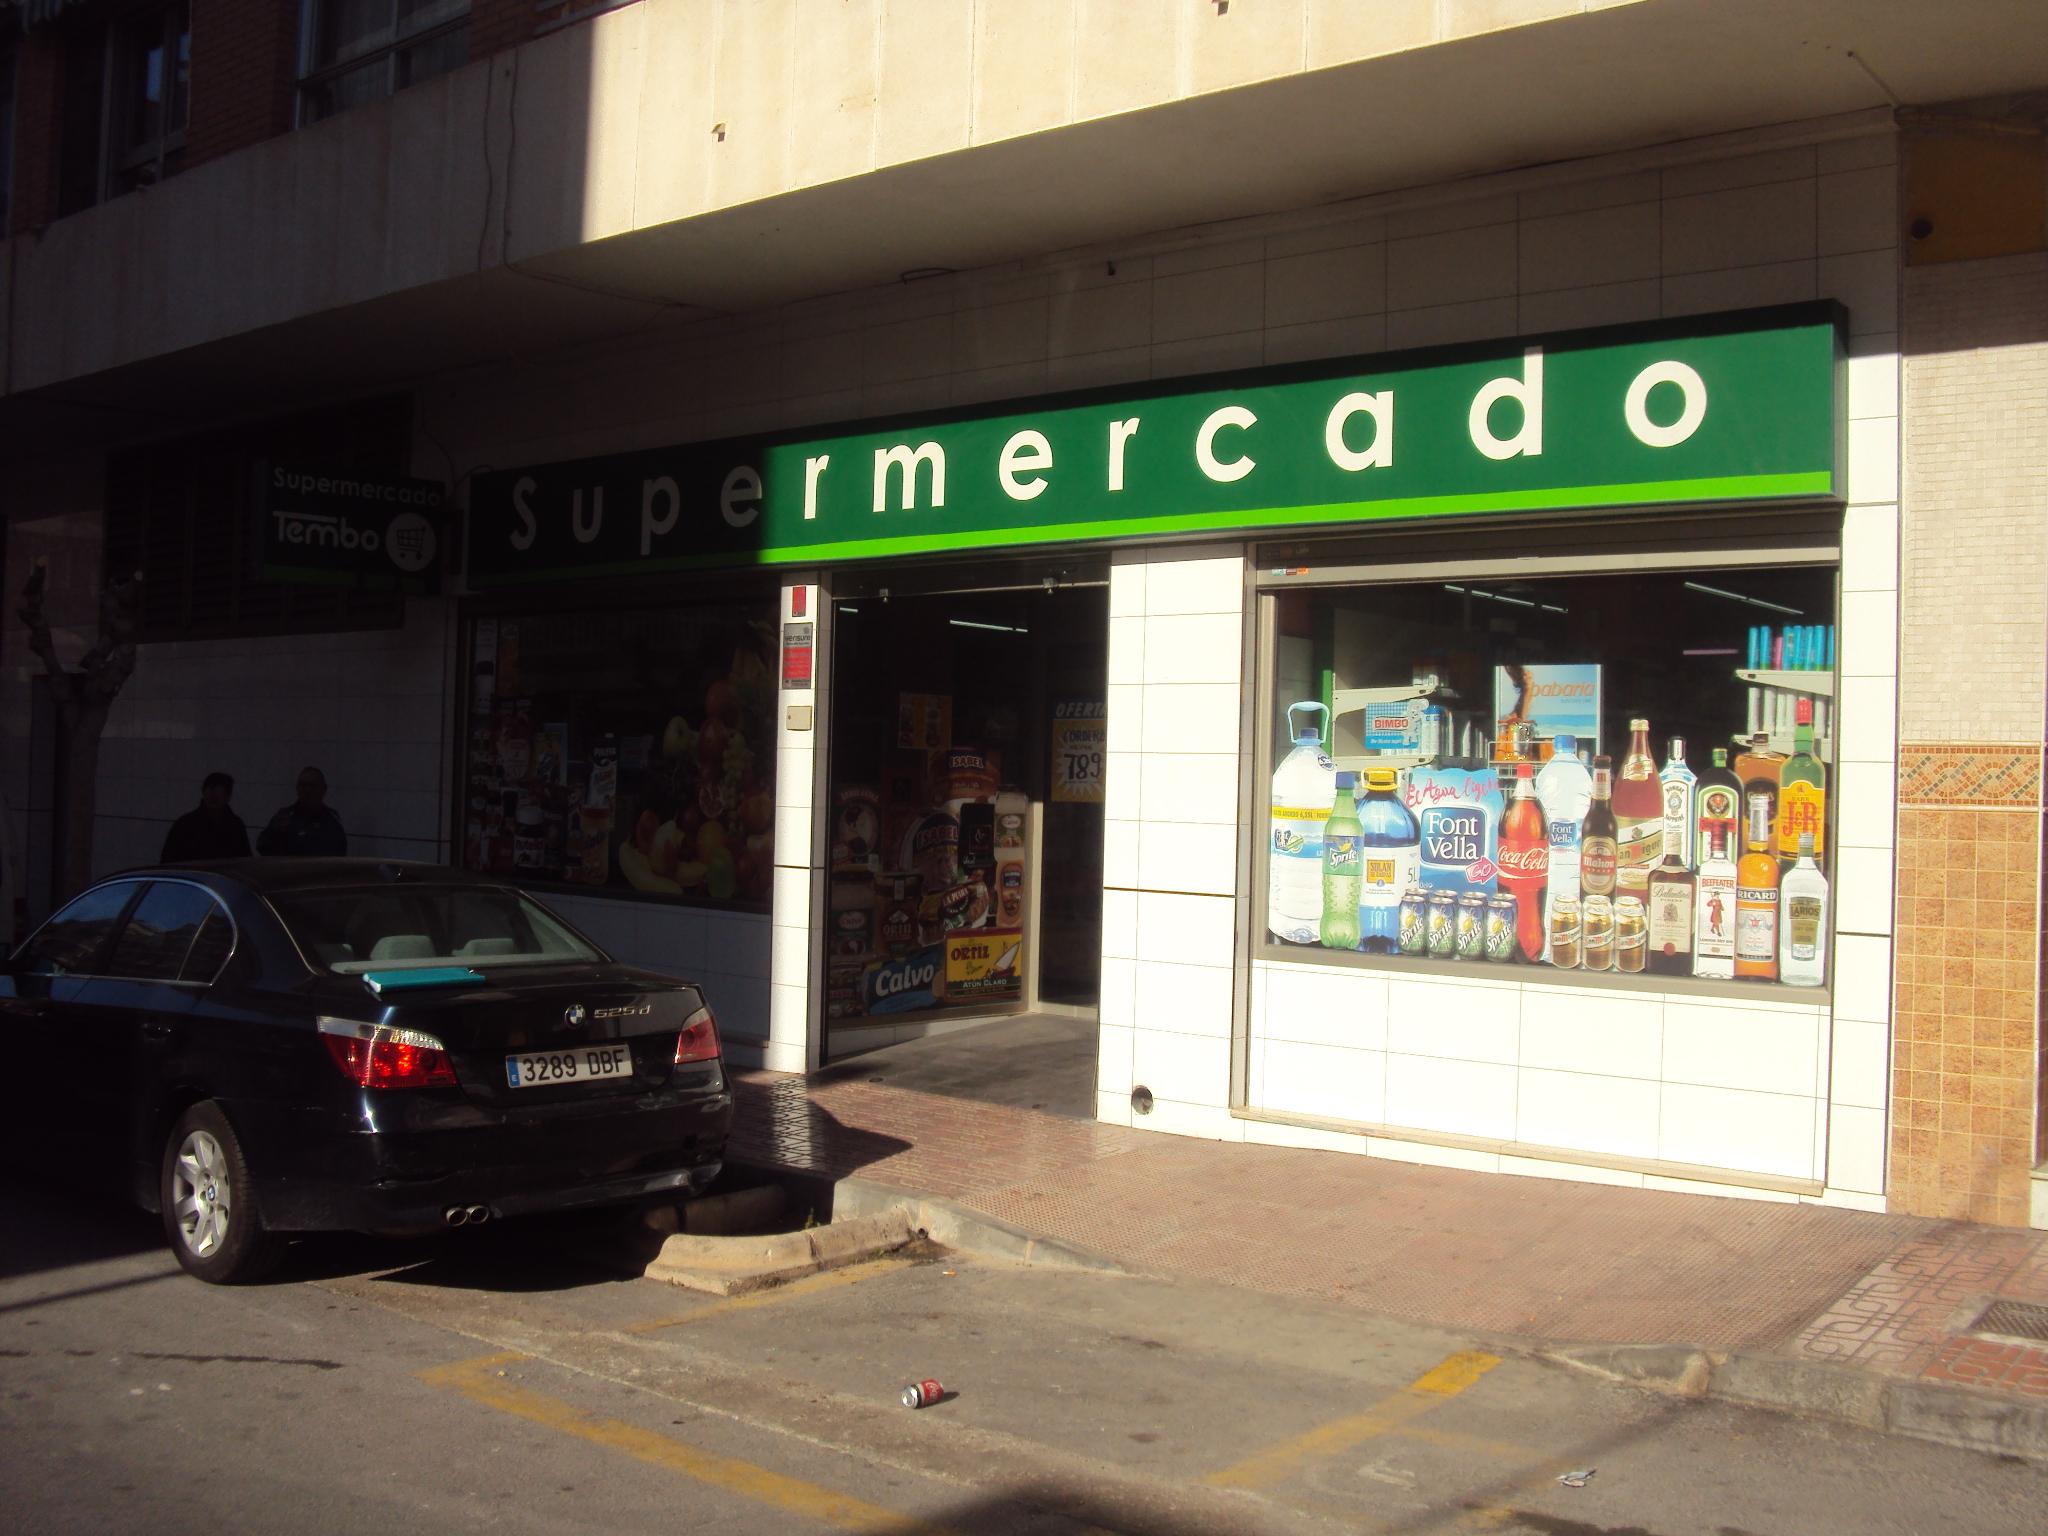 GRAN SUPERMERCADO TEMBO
--
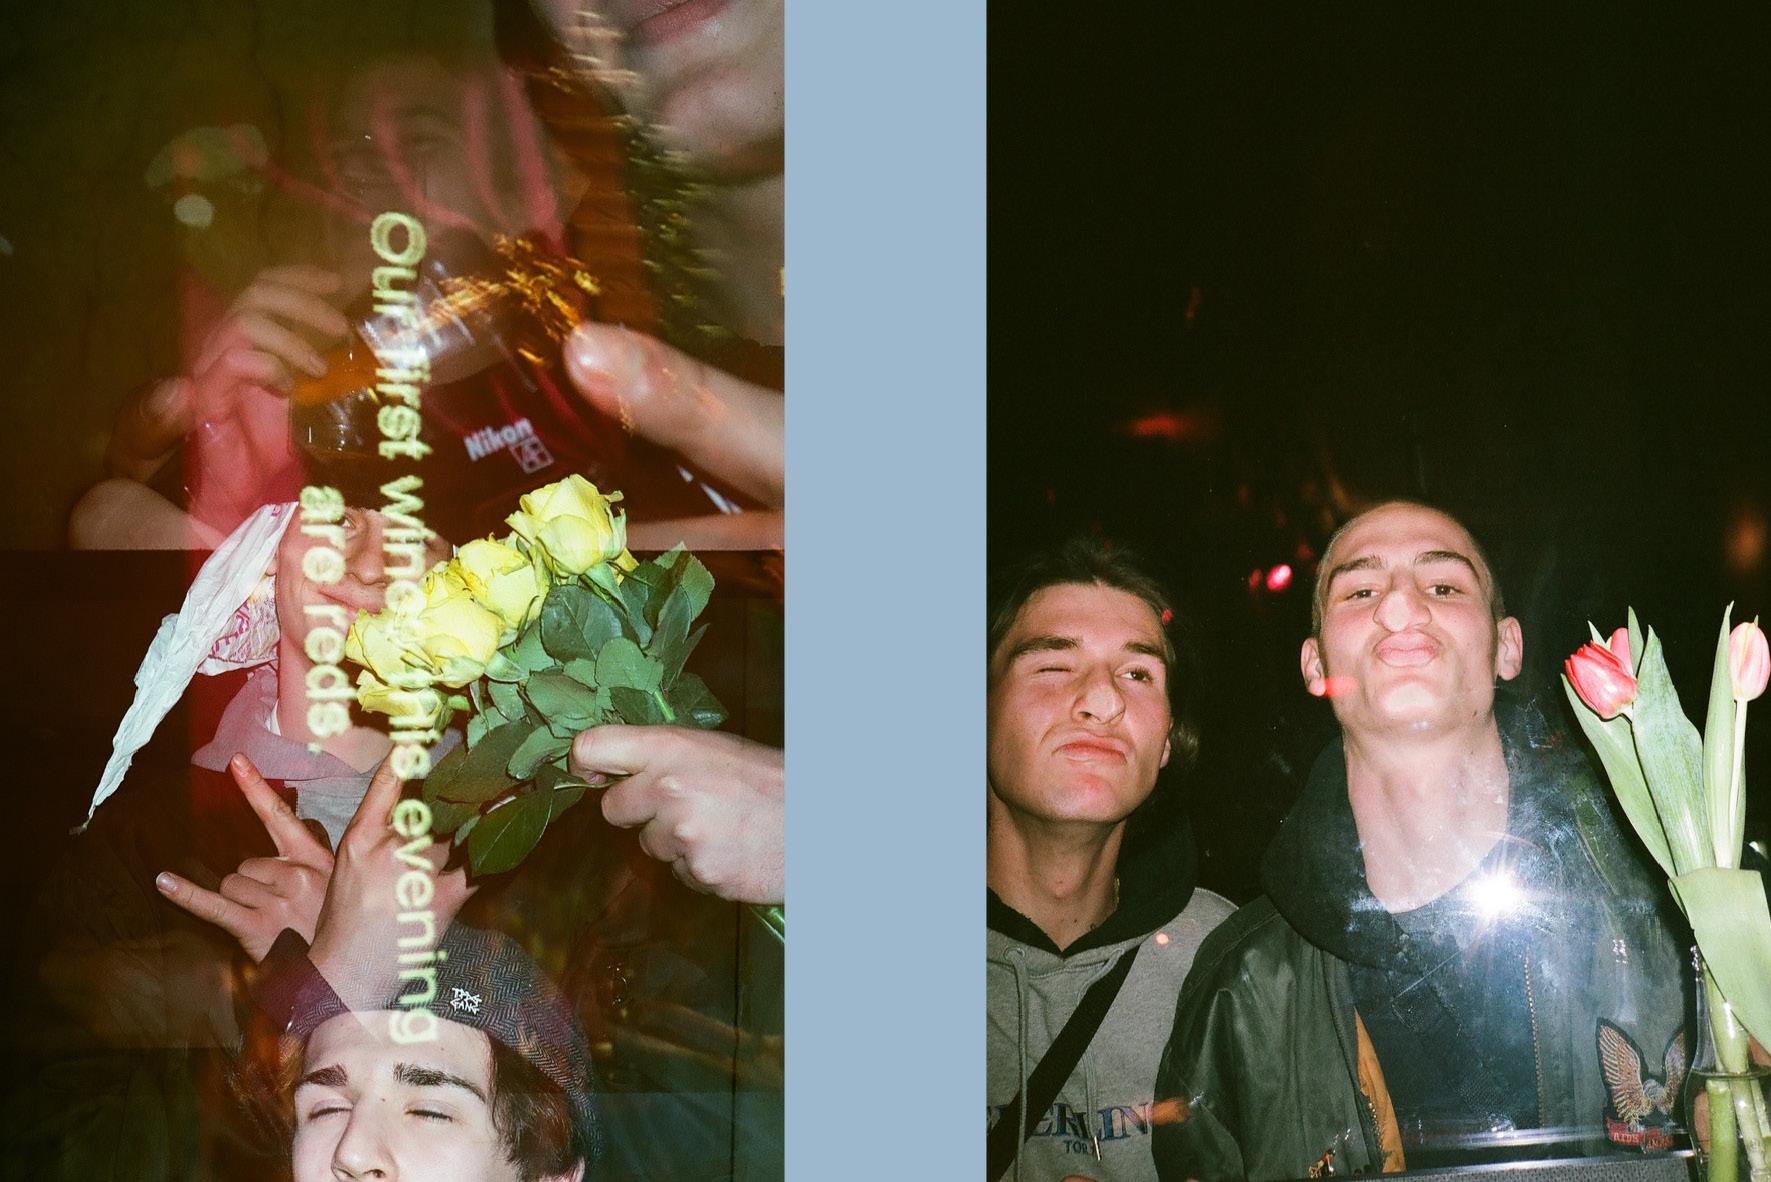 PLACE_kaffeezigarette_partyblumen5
...
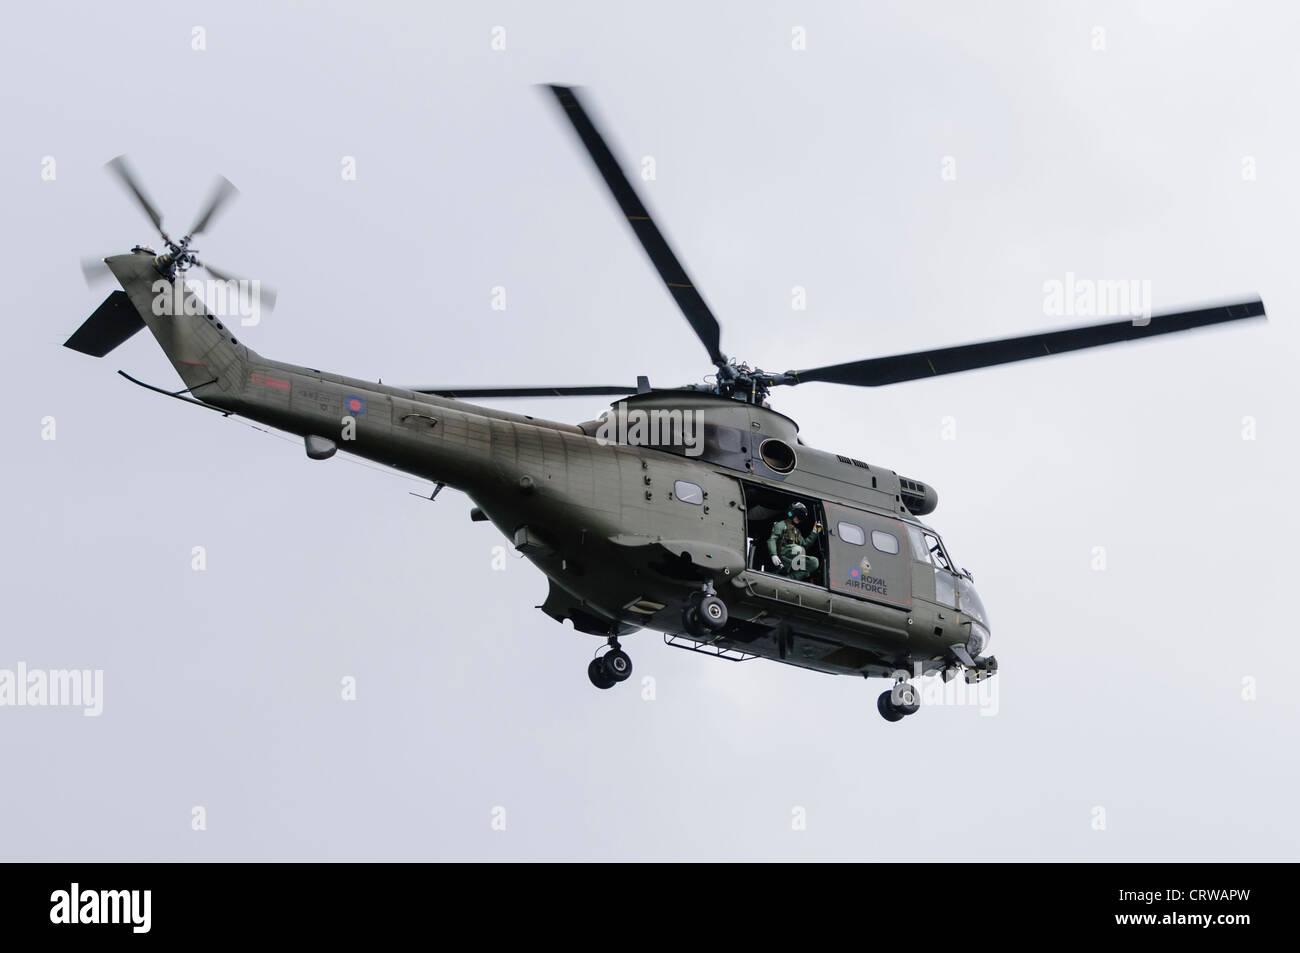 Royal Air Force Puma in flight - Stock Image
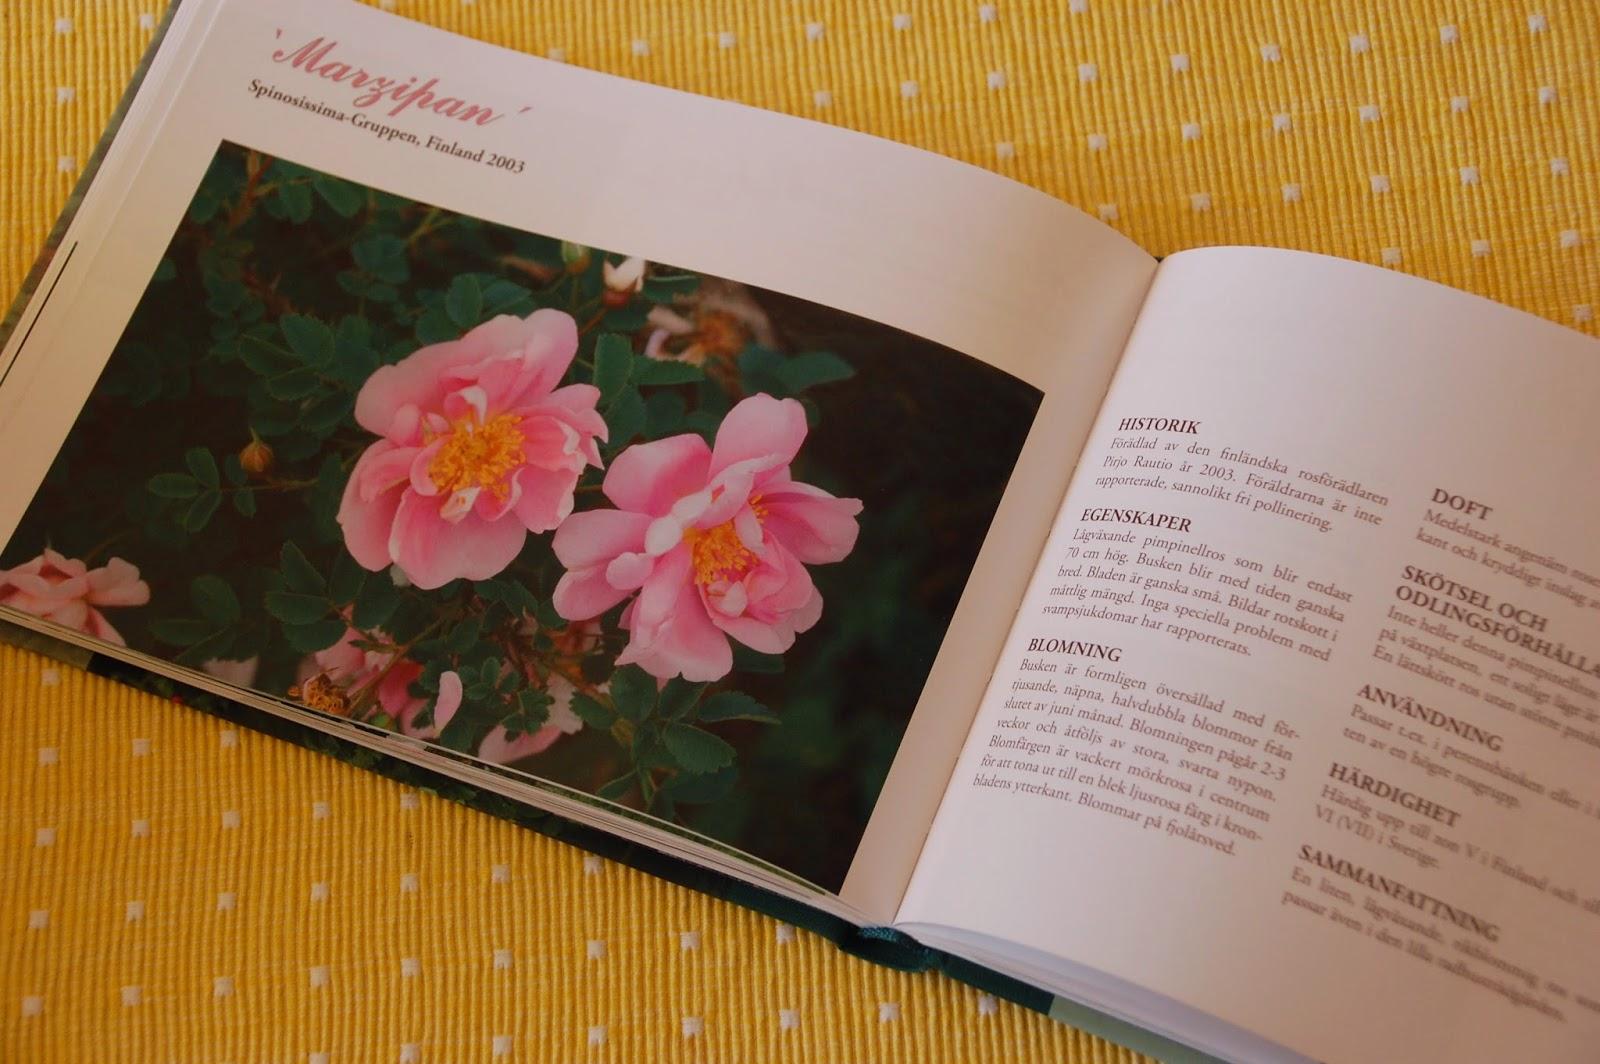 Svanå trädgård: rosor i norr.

■ Exercise aim
Above are the records; return the lines in them from the one with "Royal Air Force Puma in flight - Stock Image" to the one with "Svanå trädgård: rosor i norr.", inclusive, exactly and without images.

■ Written response
 Royal Air Force Puma in flight - Stock Image
 Svanå trädgård: rosor i norr.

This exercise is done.